Call @TG – place order?
AHU4: Fault. Raise call?

At the bottom of the right hand page I write a letter to indicate which shift I am on at work, and then my actual start and end times. Below this I’ll note any time taken for lunch, and next to the time worked I’ll tot up the total for the day, when it’s time for me to go home:

L: 0945 – 1815    8h15m
15m lunch

Above this, I leave a blank line, and then write my list of tasks for the day that are non work related, back up the page towards the other set of tasks.

With my lists written, I can then prioritise. The priorities go before the checkbox, as I mentioned above. I use the following:

* 1 2 3

I hand draw the star as a five pointer, and it generally indicates something I really have to get done. You can guess how priorities 1 to 3 stack up after this.

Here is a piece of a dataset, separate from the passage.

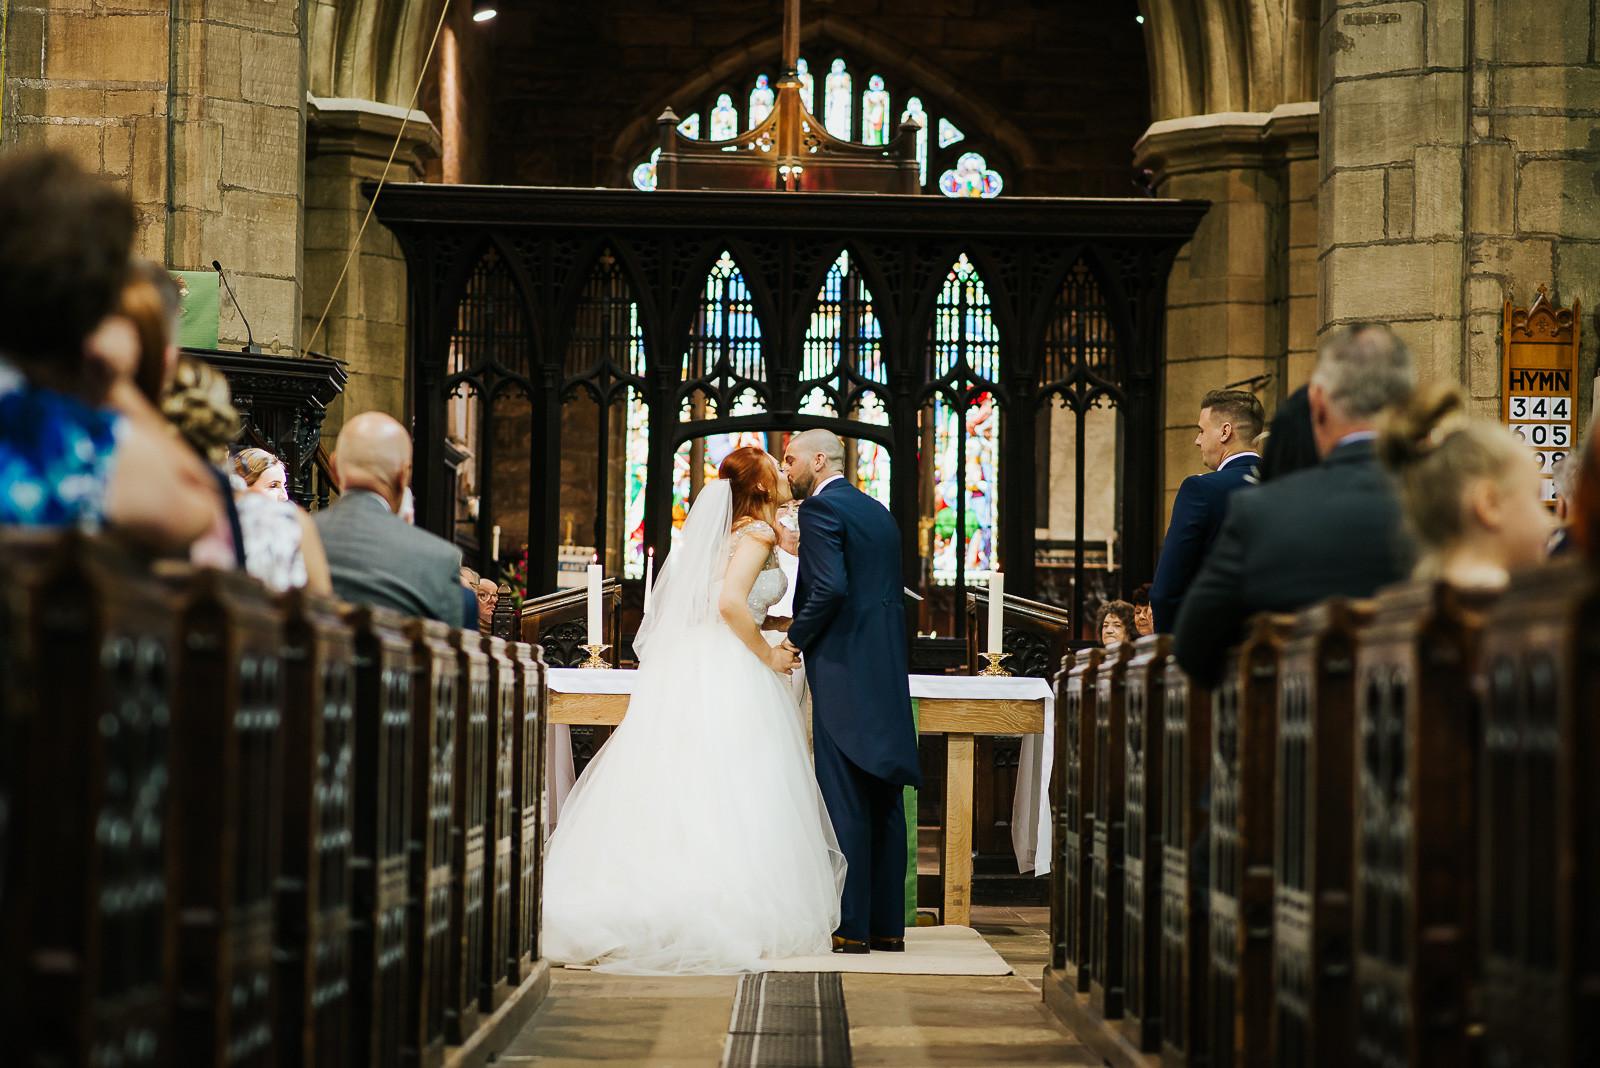 wedding-photography | Fullscreen Page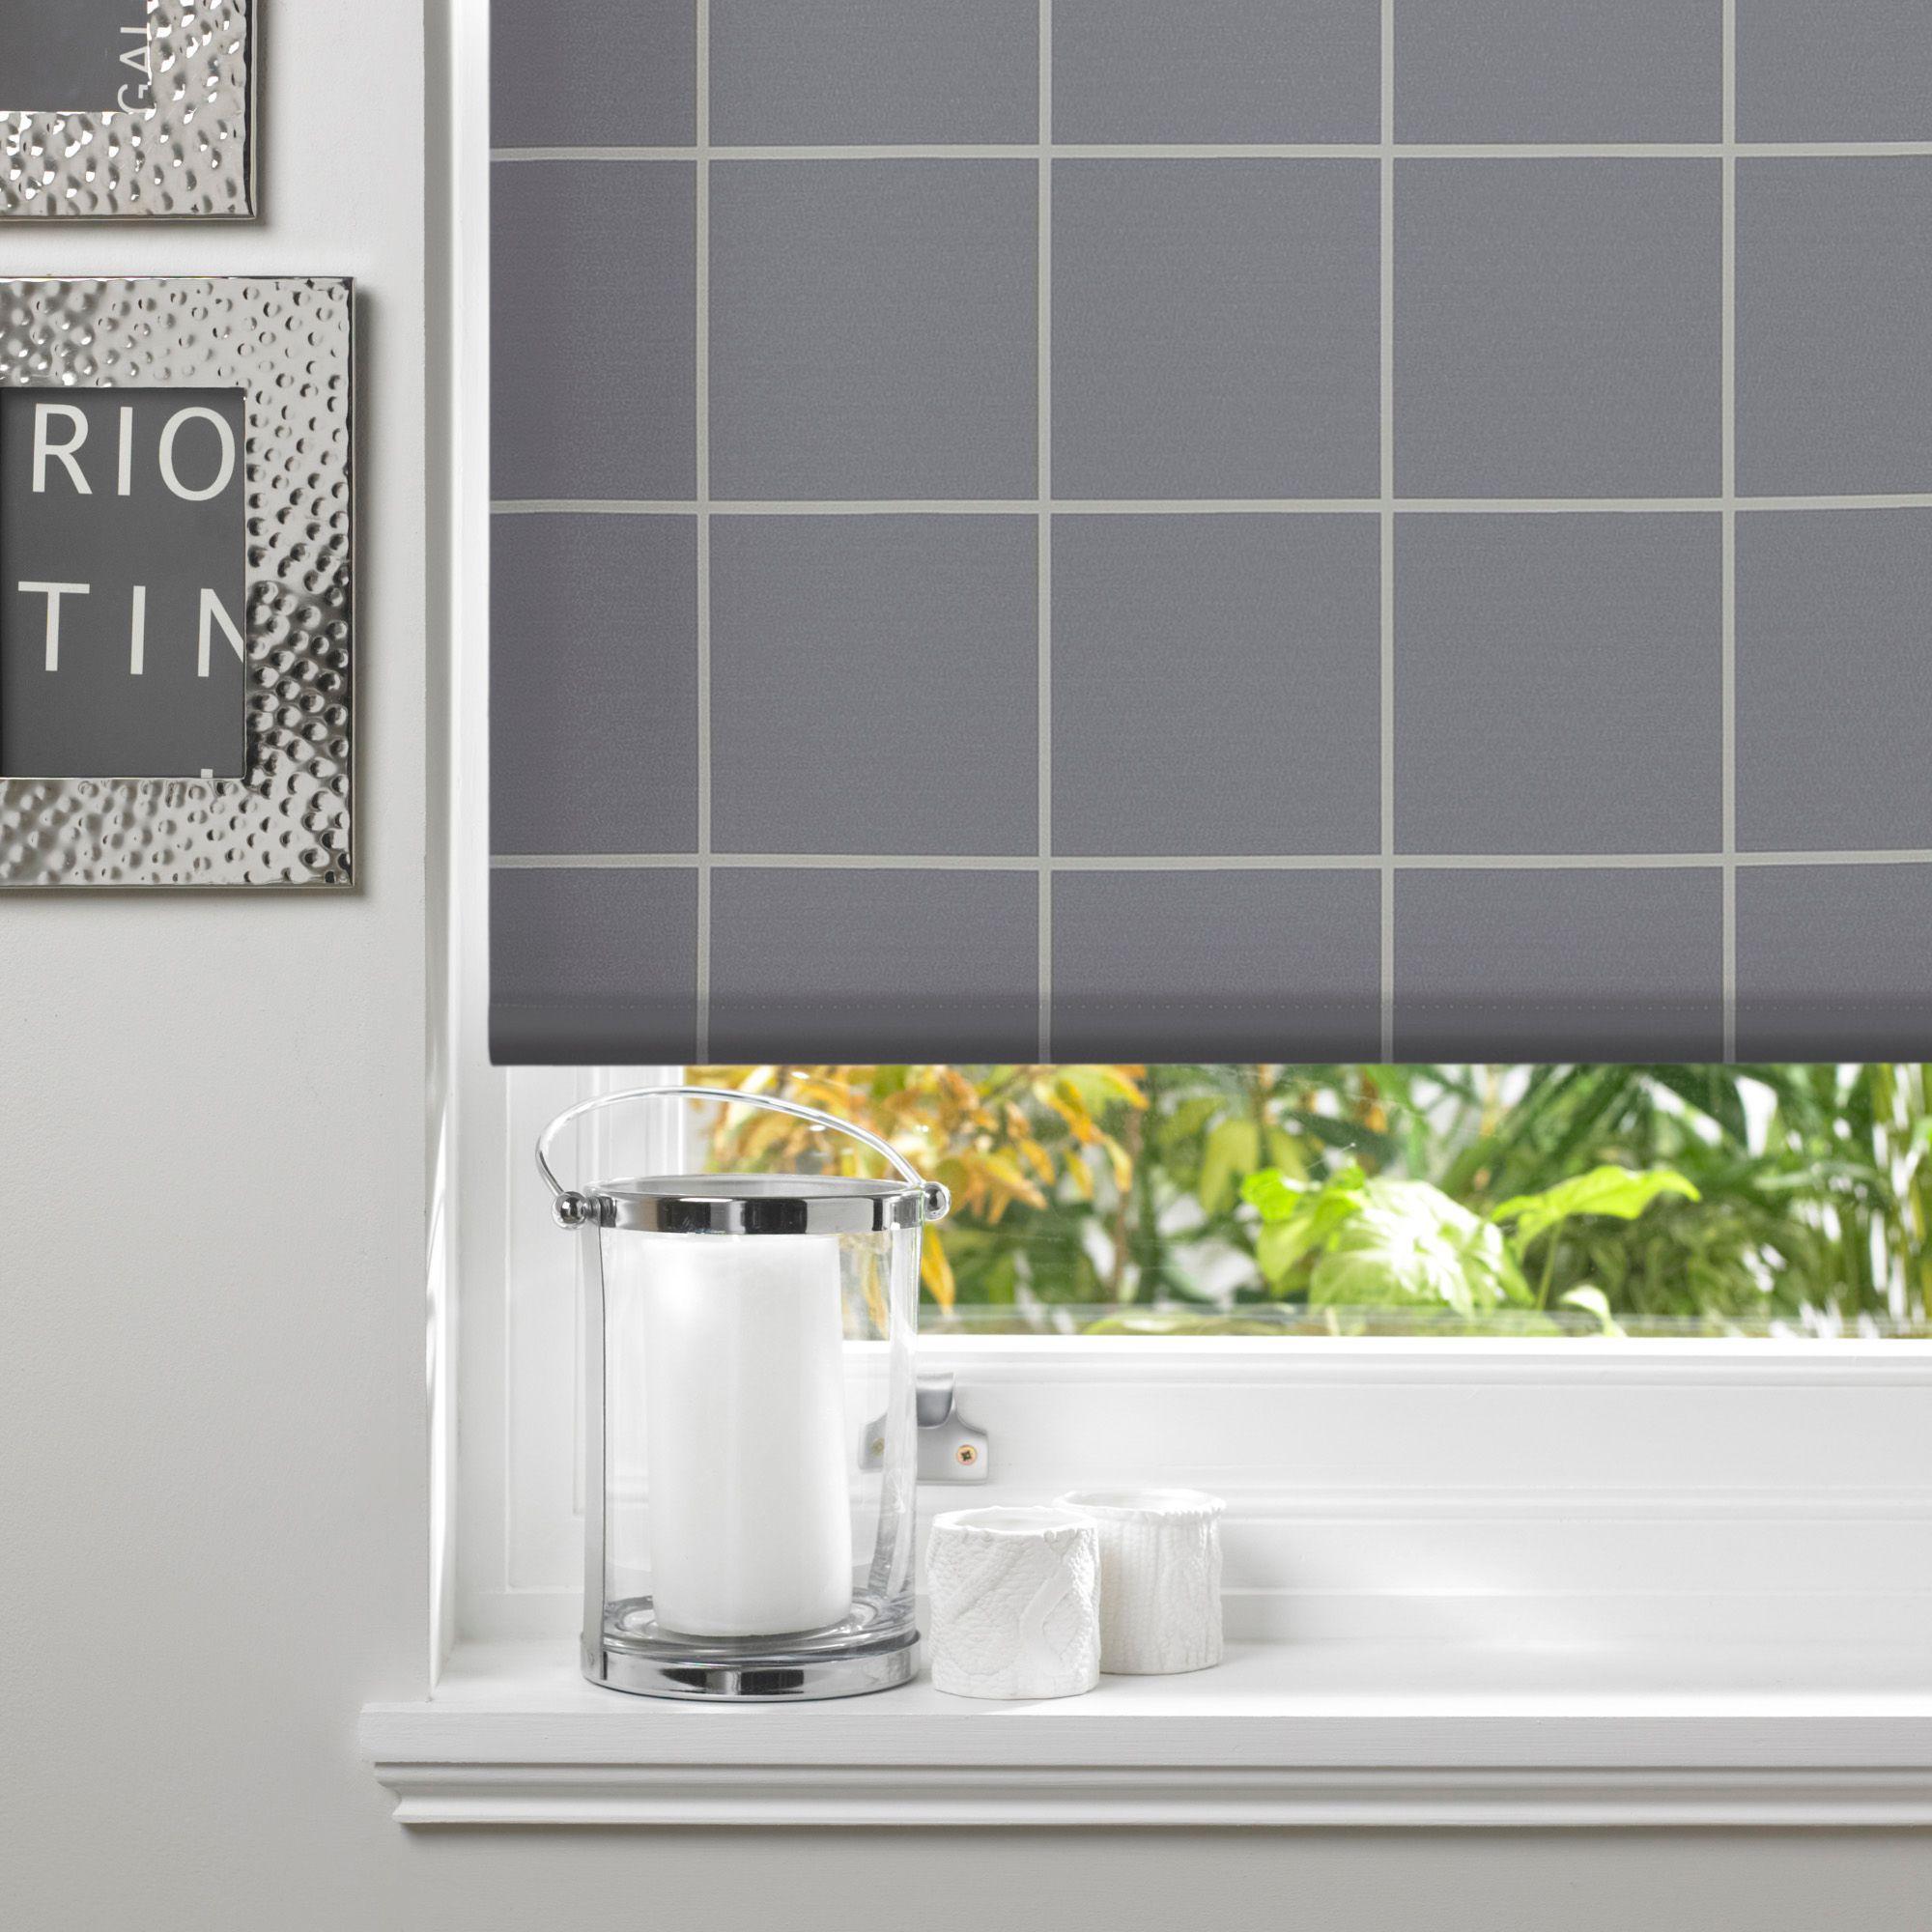 Colours Aylin Corded Grey Roller Blind (l)160 Cm (w)120 Cm

Occasionally I draw a star with a circle round it. This is used rarely and indicates something that really really really needs to get done that day

I don’t always tackle the list in the order of priority I have assigned. They are my rules, so I can break them as much as I like too. Generally, if I have a 1 or 2 priority item that I know will only take a few minutes to complete, I’ll do that before I tackle a star item that I know will take longer. I have no hard and fast rules about whether work items should be tackled before non-work items.

When I complete an item, the check box for it gets a tick, and I feel a degree of satisfaction.

If some event of interest happens at work, that I might need to refer back to at a later date, I write it between the two lists on the right hand page.

As the day progresses, I’ll start to use the left hand page in the list book. This serves multiple purposes.

Firstly, starting at the bottom, and working up, I’ll list items I’ve spent:

Cash in +50
Lunch 4.23c
Tesco 78.45d -> 16 clothes + groceries

There’s that shorthand again. The ‘c’ or ‘d’ after the amount indicates cash or debit card, and I categorise how our money is spent (Hey – they are just more lists when it comes right down to it). Eventually this all feeds into Wesabe, where I track our spending habits. At that point, the check box will get a tick.

At the top of the left hand page, I’ll often add events happening that day:

* @1030: Team conf call
* Collect A from Nursery on way home

The rest of the page is used for whatever it is needed for. This could be work or non-work related notes, or more frequently sub lists where a work-related list item is broken down into smaller items, each with their own check boxes so I know what I’ve got done.

Weekends are of course rather simpler. There is just one list, and no work times to note.

So there you have it.

You know, until I actually wrote about it just now, I really wasn’t aware of just how much effort I’ve put into devising this system. If you’re not autistic then you’ll probably think I’m crazy to have thought about this so much. If you’re on the spectrum, then I hope that you’ll see just how much order it adds to my life, and can appreciate how much it helps me to get things done.